Presentation peer review

You will be assigned two presentations to peer review. Submitting the scores for your assigned presentations is worth 5 points. This portion of the grade will be individually assessed.

GitHub repo organization

You should have the following files and folders in the project repo. The repo and brief summary in the README should be updated by Thursday, April 4 at 9pm.

  • README.md: Title and 3 - 5 sentence summary of the project

  • *.bib: BibTex file for references (optional)

  • proposal.qmd

  • proposal.pdf

  • analysis-plan.qmd (you can remove this file if you did not write an analysis plan)

  • analysis-plan.pdf (you can remove this file if you did not write an analysis plan)

  • written-report.qmd

  • written-report.pdf

  • /presentation

    • /presentation/*: Presentation file (if not linked in README)
    • /presentation/README.md: Link to project (if not in presentation folder)
  • /data/:

    • /data/*: File containing data set

    • /data/README.md: Codebook for data set.

Grading (100 points)

Component Points
Proposal 15 pts
Draft report 15 pts
Written report 35 pts
Presentation 20 pts
Presentation peer review (individually assessed) 5 pts
Repo organization 5 pts
Teamwork evaluation (individually assessed) 5 pts

Tips on finding articles

Below are tips to help you find articles based on information from Jodi Psoter, the former Librarian for Chemistry and Statistical Science at Duke Libraries and current Head Librarian for the Marine Lab Library.

PubMed

Articles in health-related fields

The PubMed heading tree lets you search by topic. The link will direct you to the results under the category of “Statistics as a Topic”.

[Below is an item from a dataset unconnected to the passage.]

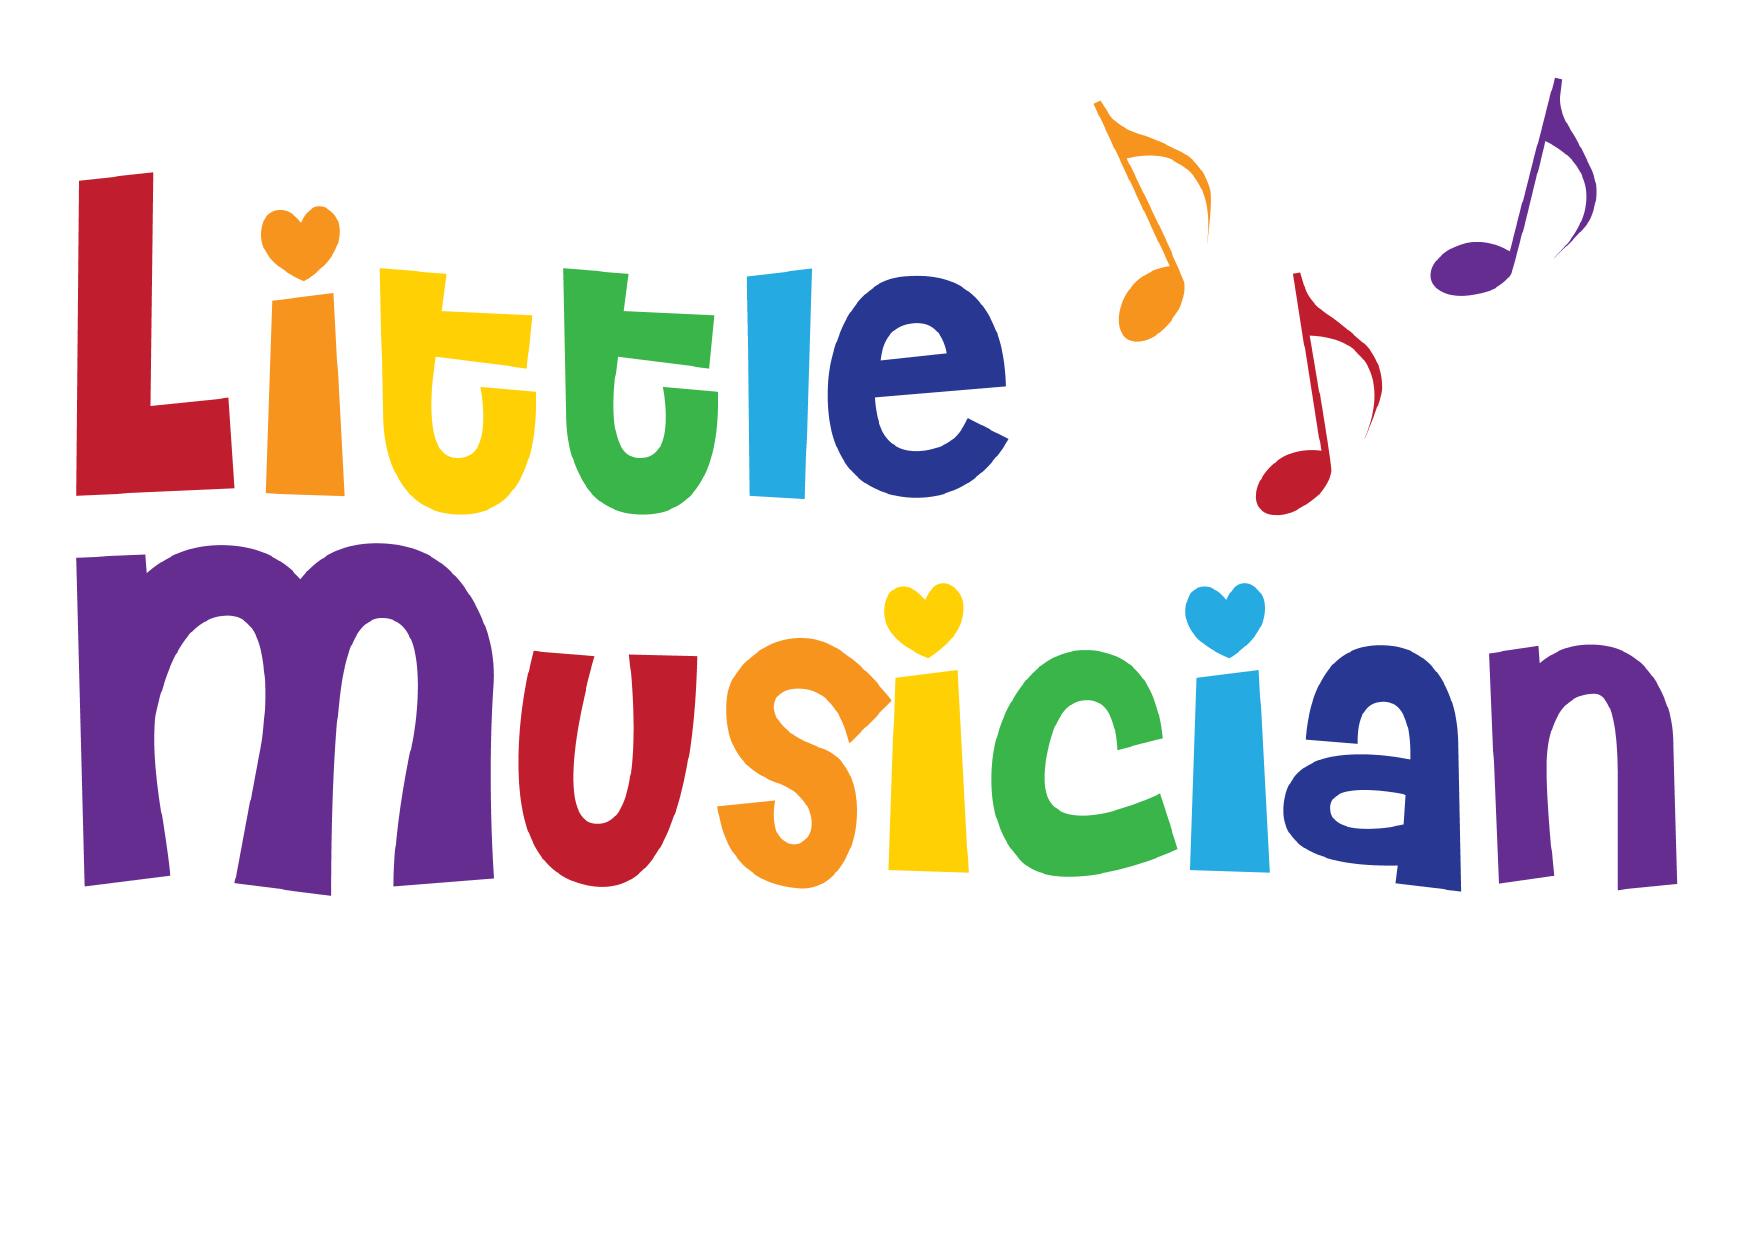 Nhạc Sĩ Là Gì? Tìm Hiểu Về Nhạc Sĩ Là Gì?

  1. Click on the model or distribution of interest, e.g. “Logistic Models”.
  2. Click “Add to search builder” under the PubMed Search Builder in the top right corner. You should now see the model/analysis type you chose in the search box.
  3. Click “Search PubMed”, and a page of search results will appear.
  4. There are options to narrow your results on the left-hand side. Under Article Attributes, check “Associated Data,” to limit the results to articles with data sets available.

PsycInfo

Articles in psychology

PsycInfo will allow users to search by analysis type.

  1. Put the name of the model in the search bar, e.g., “Poisson Regression”. Then, in the drop down menu next to the search bar, select “DE Subjects [exact]”. Click Search.

  2. You can use the options on the left-hand size to narrow down the search results.

Web of Science

Articles on all topics

Web of Science Data Citation Index lets you search for data sets based on the topic of interest.

  1. Use the search bar to search based on a topic of interest. You can also search for the model or distribution name.

  2. On the left-hand side, check “Data Set” under Content Type and check “Dataset” under Data Types. Click “Refine” to limit the results.

  3. Click on the article of interest.

  4. You can use the options on the left-hand size to narrow down the search results.

Additional tips

  • Plos One is an open-access peer-reviewed journal with articles from a variety of disciplines. Many of the articles include the data set as part of the “Supplemental Data”.

  • You can use terms such as “multilevel models” , “mixed effects models”, “random effects models”, “longitudinal models”, and “hierarchical models” to find models for multilevel data.

Acknowledgements

Grading criteria and the repo organization for this project were adapted from Project 1 on vizdata.org.